- Kodisjoen kunta Kodisjoki kommun
- Coat of arms
- Location of Kodisjoki in Finland
- Coordinates: 61°01′40″N 021°41′15″E﻿ / ﻿61.02778°N 21.68750°E
- Country: Finland
- Province: Western Finland Province
- Region: Satakunta
- Established: 1896
- Merged into Rauma: 2007

Area
- • Land: 41.16 km^{2} (15.89 sq mi)
- • Water: 1.67 km^{2} (0.64 sq mi)

Population (2006-12-31)
- • Total: 570

= Kodisjoki =

Former municipality of southwest Finland

Kodisjoki is a tiny village and a former municipality of Finland. At the time of the municipality's disestablishment, Kodisjoki was located in the province of Western Finland, now it is in the Satakunta region. Kodisjoki became part of the city of Rauma in 2007.

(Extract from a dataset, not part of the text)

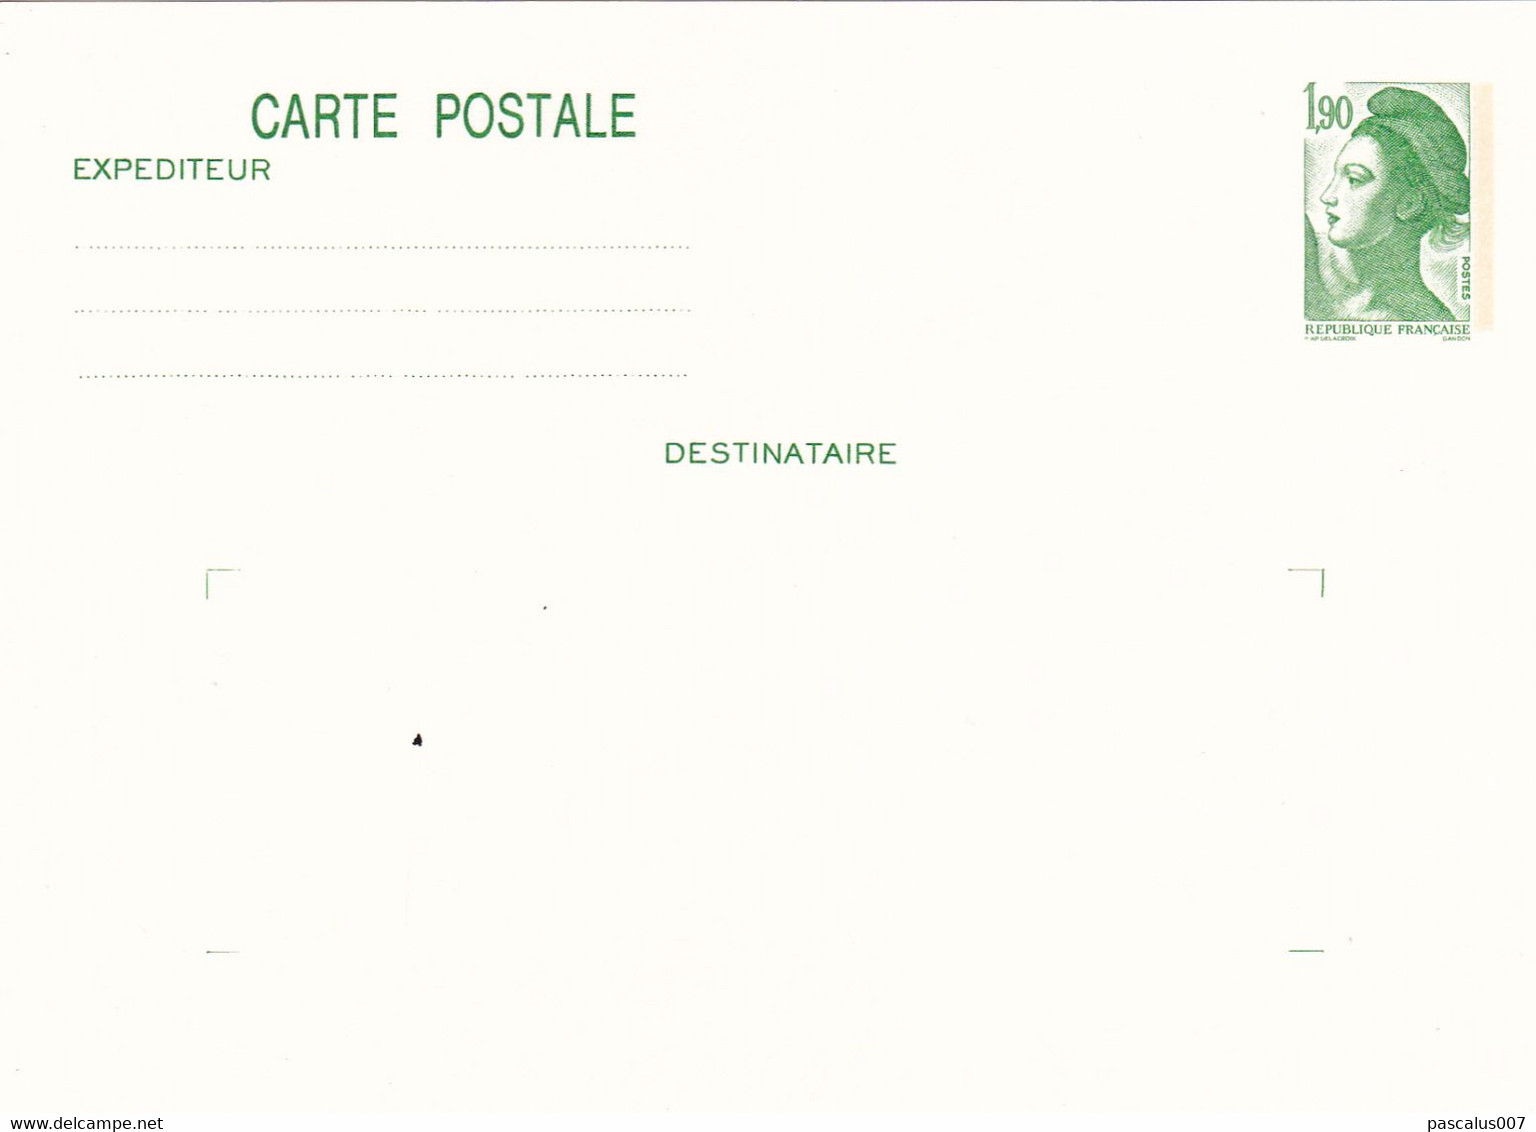 B01-373 2 Cartes Postales Entiers Postaux France 1982 Belgica - Konvolute: Ganzsachen & PAP

The municipality was unilingually Finnish.

== Geography ==
Kodisjoki bordered Rauma, Lappi, Laitila and Pyhäranta. Until 1997, it bordered Rauman maalaiskunta instead of Rauma.
=== Villages ===
Officially Kodisjoki only had a single village, also called Kodisjoki. The village consists of multiple parts: Ahteri, Heikolankulma, Heinilä, Isopuoli, Sahankulma, Vuorela and Ylöjänpää.

== History ==
Kodisjoki was first mentioned in 1504 as a part of the Laitila parish. Its name is derived from a dialectal word kodiksin/kodismaa referring to a garden or a small field next to a house. The name of Kodjala in Laitila has a similar etymology. Kodisjoki became a separate municipality in 1896, but due to its small size, it was still ecclesiastically subordinate to Laitila.

Kodisjoki was consolidated with the town of Rauma in 2007.